I am asuming you are using TTS==0.6.1, while the tutorial was written for TTS==0.5.0. You should try to execute the script from the latest recipe.

e0xextazy Apr 18, 2022

When is the training tutorial for VITS scheduled to be updated?

rioharper Apr 20, 2022
Author

When is the training tutorial for VITS scheduled to be updated?

Unfortunately, I've been down with a nasty cold the past 2 weeks. I am
feeling better now, so expect a update soon™ (should be by the end of
April)

rioharper Apr 27, 2022
Author

just wanted to let you know I updated it last night to work on v6, you should be able to run smoothly!

erogol · 2022-04-20T13:35:13Z

erogol
Apr 20, 2022
Maintainer

@LordApplesause can you please reach me on Gitter, Element, or email. We prepared a small 🎁 for you.

0 replies

rezareza007 · 2022-10-08T07:36:40Z

rezareza007
Oct 8, 2022

@rioharper Thank you so much for writing the tutorial. I had a couple of problems using it. First, the SNR binary file could not be executed (I'm using WSL2). Then I can't find the code for synthesis in the notebooks you provide. (Do end-to-end models use vocoders??)

Tensorboard also says that there is no info to be read in the log directory, which is not correct!

1 reply

Setmaster Jan 30, 2023

How did you fix the SNR issue?

king-dahmanus · 2022-10-21T08:37:05Z

king-dahmanus
Oct 21, 2022

e2e models have their own vocoder in them, so you don't have to specify anything! All hail to the awsome vits!

0 replies

Setmaster · 2023-01-30T08:02:56Z

Setmaster
Jan 30, 2023

Any clue on how to run WADASNR locally? My WSL refuses to. It just acts as if it doesn't exist.

2 replies

Ca-ressemble-a-du-fake Jan 31, 2023

You mean locally via Jupyter ? If I recall correctly you've got to download it and put it where written in the Jupyter notebook (there are instructions in the beginning of the script). Did you try that ?

lopezjuanma96 Feb 24, 2023

Hi!

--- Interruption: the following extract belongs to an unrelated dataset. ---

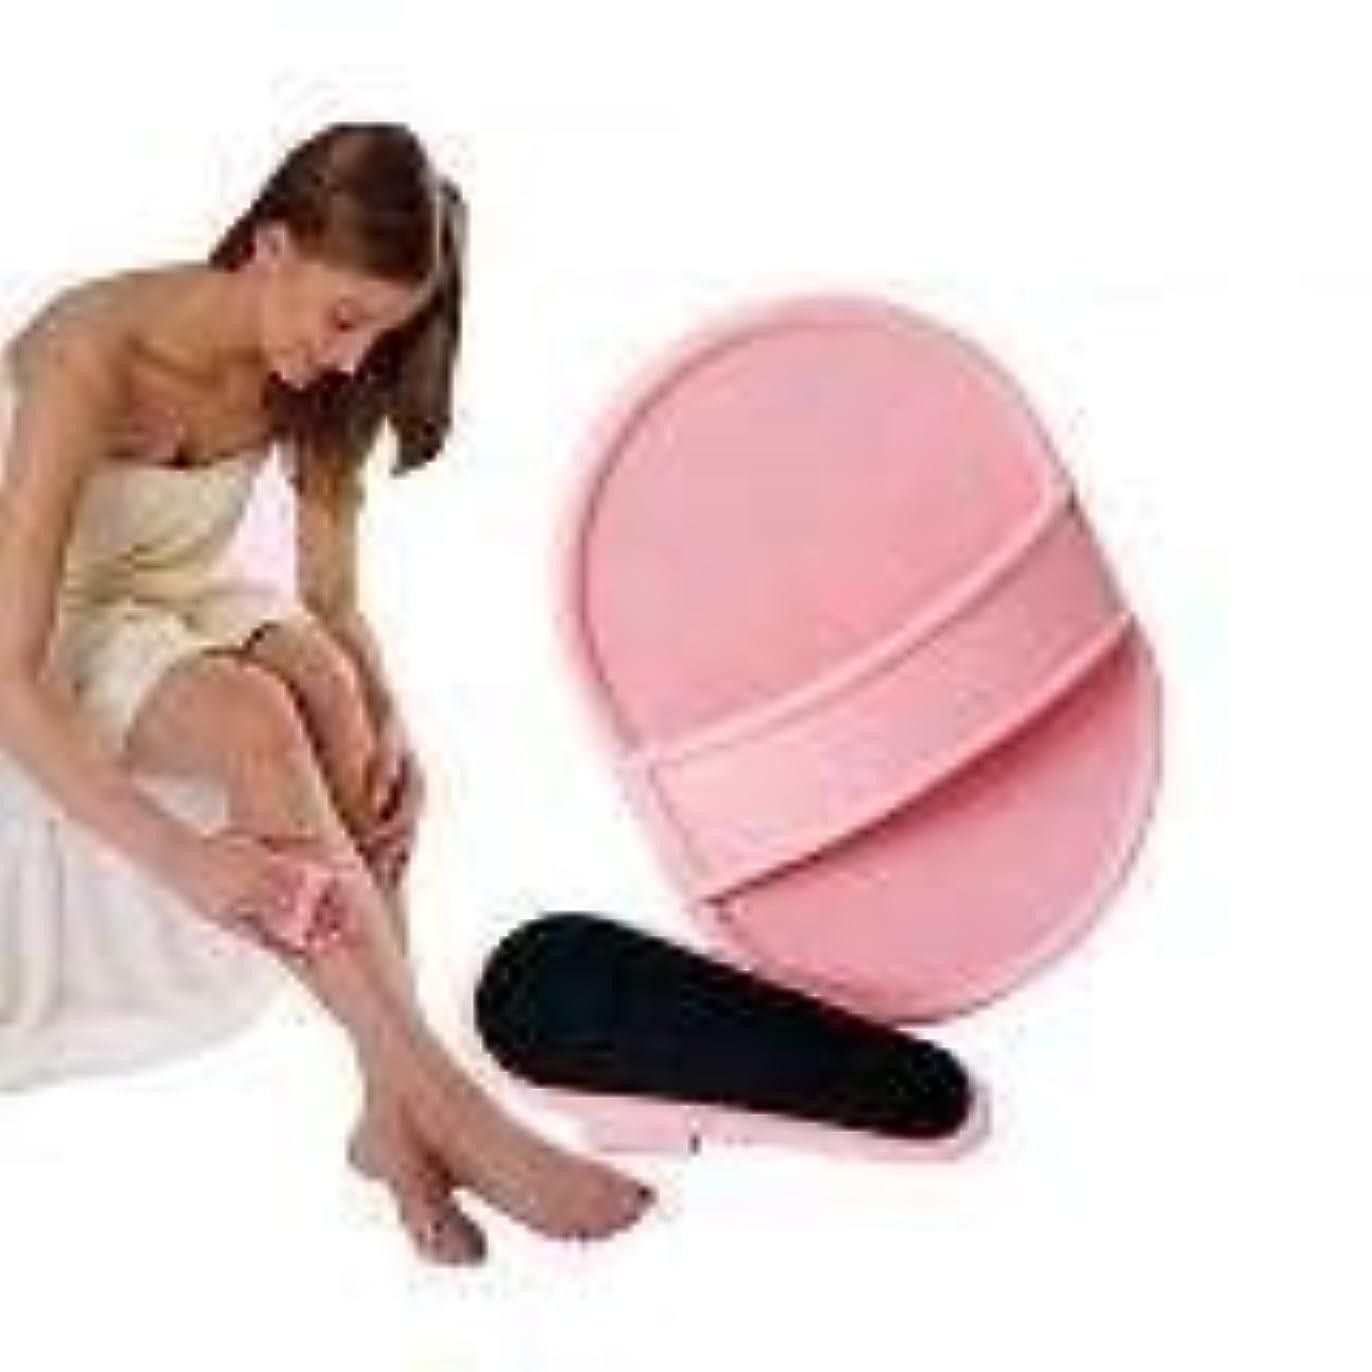 アストロラーベオリエント急ぐGUANG-HOME なめらかな脚またはなめらかな脚用の詰め替えパッド - 10パッド

I figured it out, for me WSL was missing gcc-multilib package, and doing sudo apt-get install gcc-multilib solved it, but here there's some more information I found while trying to solve it that might work if the gcc doesn't do it:

In Collab all dependencies are installed, you’d only need to create the proper folders and move all files to your Drive

Local:

Download the tar file with curl:
curl http://www.cs.cmu.edu/~robust/archive/algorithms/WADA_SNR_IS_2008/WadaSNR.tar.gz --output /folder/to/wada/WadaSNR.tar.gz
Export:
tar -xvf /folder/to/wada/WadaSNR.tar.gz -C /folder/to/wada
make WADASNR an executable file with:
sudo chmod +x /folder/to/wada/Exe/WADASNR
(remember this give permission to all, to restrict it use u+x or p+x instead of +x which is equivalent to a+x)
Try executing WADASNR with /folder/to/wada/Exe/WADASNR, if you are on the same folder as don’t do WADASNR, it does not work on its own, use ./WADASNR
If the output is a description of WADASNR that request for it to be run with more params, you’re golden. if the ouput is ‘command not found’ or ‘the path does not exist’:
Verify with:
file /folder/to/wada/Exe/WADASNR
if the file is an LSB executable
Verify with:
ldd /folder/to/wada/Exe/WADASNR

if it returns WADASNR not a dynamic file, install gcc_multilib https://unix.stackexchange.com/questions/75054/ldd-tells-me-my-app-is-not-a-dynamic-executable
if it returns a list of lib.*.so6 like names (the 6 can vary with version), check that those libraries are installed https://www.cyberithub.com/how-do-i-install-the-linux-library-libc-so-6-in-5-easy-steps/

lopezjuanma96 · 2023-02-24T20:36:48Z

lopezjuanma96
Feb 24, 2023

Hi man, I was following your tutorial to train my own model.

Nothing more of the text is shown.